In [7]:
import numpy as np
import pandas as pd
from scipy.spatial.distance import jensenshannon
from scipy.stats import entropy

In [27]:
ROOT_OUTPUT_PATH = './output_final/trained_model_snli_baseline'

In [122]:
# Note: This comes from the ChaosNLI github repository:
# https://github.com/easonnie/ChaosNLI/blob/master/distnli/src/evaluation/tools.py#L24
def model_label_dist(logits_list):

    logits = np.asarray(logits_list)
    prob = np.exp(logits_list) / np.sum(np.exp(logits_list))

    # numerical stability for KL
    for i, value in enumerate(prob):
        if np.abs(value) < 1e-15:
            prob[i] = 1e-15
    
    # normalize
    prob = prob / np.sum(prob)
    assert np.isclose(np.sum(prob), 1)
    
    return prob


def generate_metrics_dict(df):
    
    return {'acc': len(df.query('label_g == predicted_label'))/len(df),
            'jsd': df.jsd.mean(),
            'kld': df.kld.mean()}


def generate_all_metrics_dict(df):

    return {'all': generate_metrics_dict(df),
            'no-ambiguity': generate_metrics_dict(df.query('amb_level == 0')),
            'medium-ambiguity': generate_metrics_dict(df.query('amb_level == 1')),
            'high-ambiguity': generate_metrics_dict(df.query('amb_level == 2'))}


def calculate_example_metrics(df, use_probs = False):

    if not use_probs:
        df['predicted_probs'] = df.apply(lambda x: model_label_dist(x.predicted_scores), axis=1)
        
    df['jsd'] = df.apply(lambda x: jensenshannon(x.label, x.predicted_probs), axis=1)
    df['kld'] = df.apply(lambda x: entropy(x.label, x.predicted_probs), axis=1)
    df['amb_level'] = df.apply(lambda x: get_ambiguity_level(x), axis=1)

    return df


def get_ambiguity_level(x):

    # this whole thing is a bit klugy, but <shrug> it works since there might be some fp imprecision.
    label_count = max(x.label)*5

    if label_count > 4.5:
        return 0
    elif label_count > 3.5:
        return 1
    else:
        return 2

### Analyze the baseline predictions

In [123]:
eval_df = pd.read_json(f'{ROOT_OUTPUT_PATH}/trained_train_gold_dev_gold_evaled_test_probs/eval_predictions.jsonl', lines=True)
eval_df = calculate_example_metrics(eval_df)
generate_all_metrics_dict(eval_df)

{'all': {'acc': 0.8890472312703583,
  'jsd': 0.19018686160110934,
  'kld': 0.42401248721189044},
 'no-ambiguity': {'acc': 0.9544101228135468,
  'jsd': 0.10453239072285646,
  'kld': 0.135539159308617},
 'medium-ambiguity': {'acc': 0.8847091605712295,
  'jsd': 0.2620504238347566,
  'kld': 0.6118892730848189},
 'high-ambiguity': {'acc': 0.6744775174160861,
  'jsd': 0.35103983140917144,
  'kld': 1.0642033750592708}}

From this, we can see that accuracy drops dramatically as the ambiguity level increases.
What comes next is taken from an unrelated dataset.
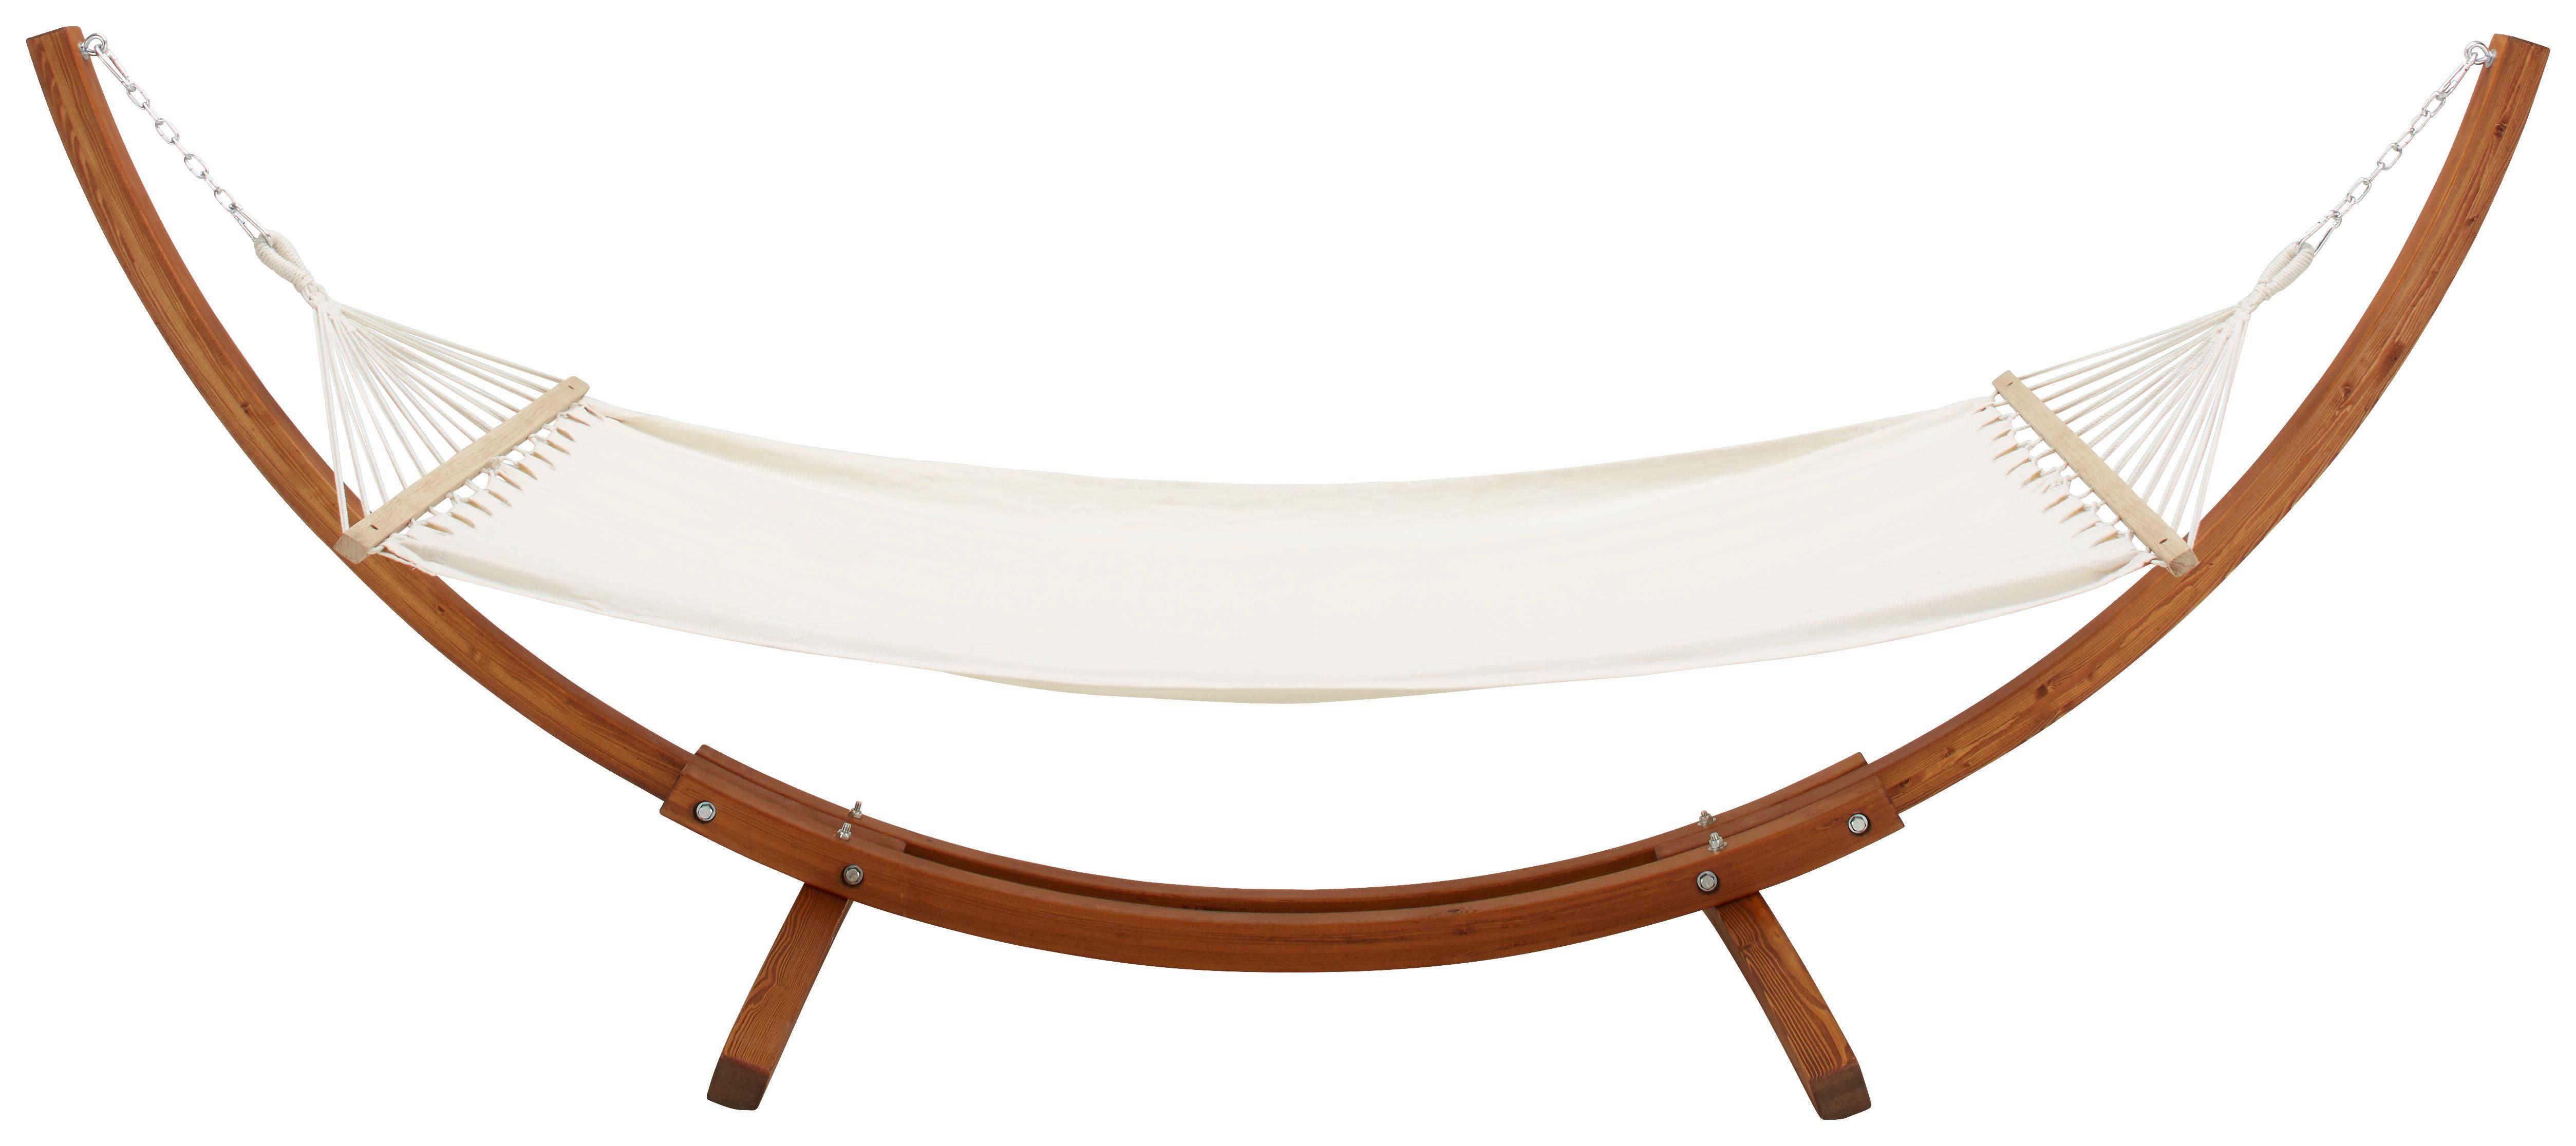 Hängematte Mesa - Creme/Teakfarben, MODERN, Holz/Textil (310/123/120cm) - Ombra

Can 

{'all': {'acc': 0.8905741042345277,
  'jsd': 0.21167255341506863,
  'kld': 0.2573941631956475},
 'no-ambiguity': {'acc': 0.9542240416821735,
  'jsd': 0.18507676339716447,
  'kld': 0.1685656369707211},
 'medium-ambiguity': {'acc': 0.8861024033437827,
  'jsd': 0.2219503197507553,
  'kld': 0.2965972979670458},
 'high-ambiguity': {'acc': 0.682077264091197,
  'jsd': 0.28350175443245973,
  'kld': 0.4884342518619364}}

### Generate a dataset with a uniform probability distribution

In [127]:
unif_df = eval_df.assign(predicted_probs = [[1/3, 1/3, 1/3]]*len(eval_df))
unif_df = calculate_example_metrics(unif_df, use_probs=True)
generate_all_metrics_dict(unif_df)

{'all': {'acc': 0.8890472312703583,
  'jsd': 0.48318590731310385,
  'kld': 0.8341626268207454},
 'no-ambiguity': {'acc': 0.9544101228135468,
  'jsd': 0.5641427870206321,
  'kld': 1.0986122886681098},
 'medium-ambiguity': {'acc': 0.8847091605712295,
  'jsd': 0.41644967095404145,
  'kld': 0.5981451496428996},
 'high-ambiguity': {'acc': 0.6744775174160861,
  'jsd': 0.32899810683090697,
  'kld': 0.3632656630524493}}

### Let's take a look at highly ambiguous data (i.e., amb_level == 2) where the Jensen-Shannon divergence is great than the uniform Jensen-Shannon divergence

In [173]:
merge_df = pd.merge(left=eval_df, right=unif_df, left_index=True, right_index=True, suffixes=('', '_unif'))

In [174]:
merge_df = merge_df[['gold_label', 'premise', 'hypothesis', 'label', 'label_g',
                     'predicted_label', 'predicted_probs', 'jsd', 'amb_level',
                     'predicted_probs_unif', 'jsd_unif']]

In [175]:
amb_and_bad_df = merge_df.query('amb_level == 2 and jsd > jsd_unif')[['label_g', 'predicted_label', 'label', 'predicted_probs', 'jsd']]

In [177]:
amb_and_bad_df.head(5).style.set_properties(**{'width': '500px'})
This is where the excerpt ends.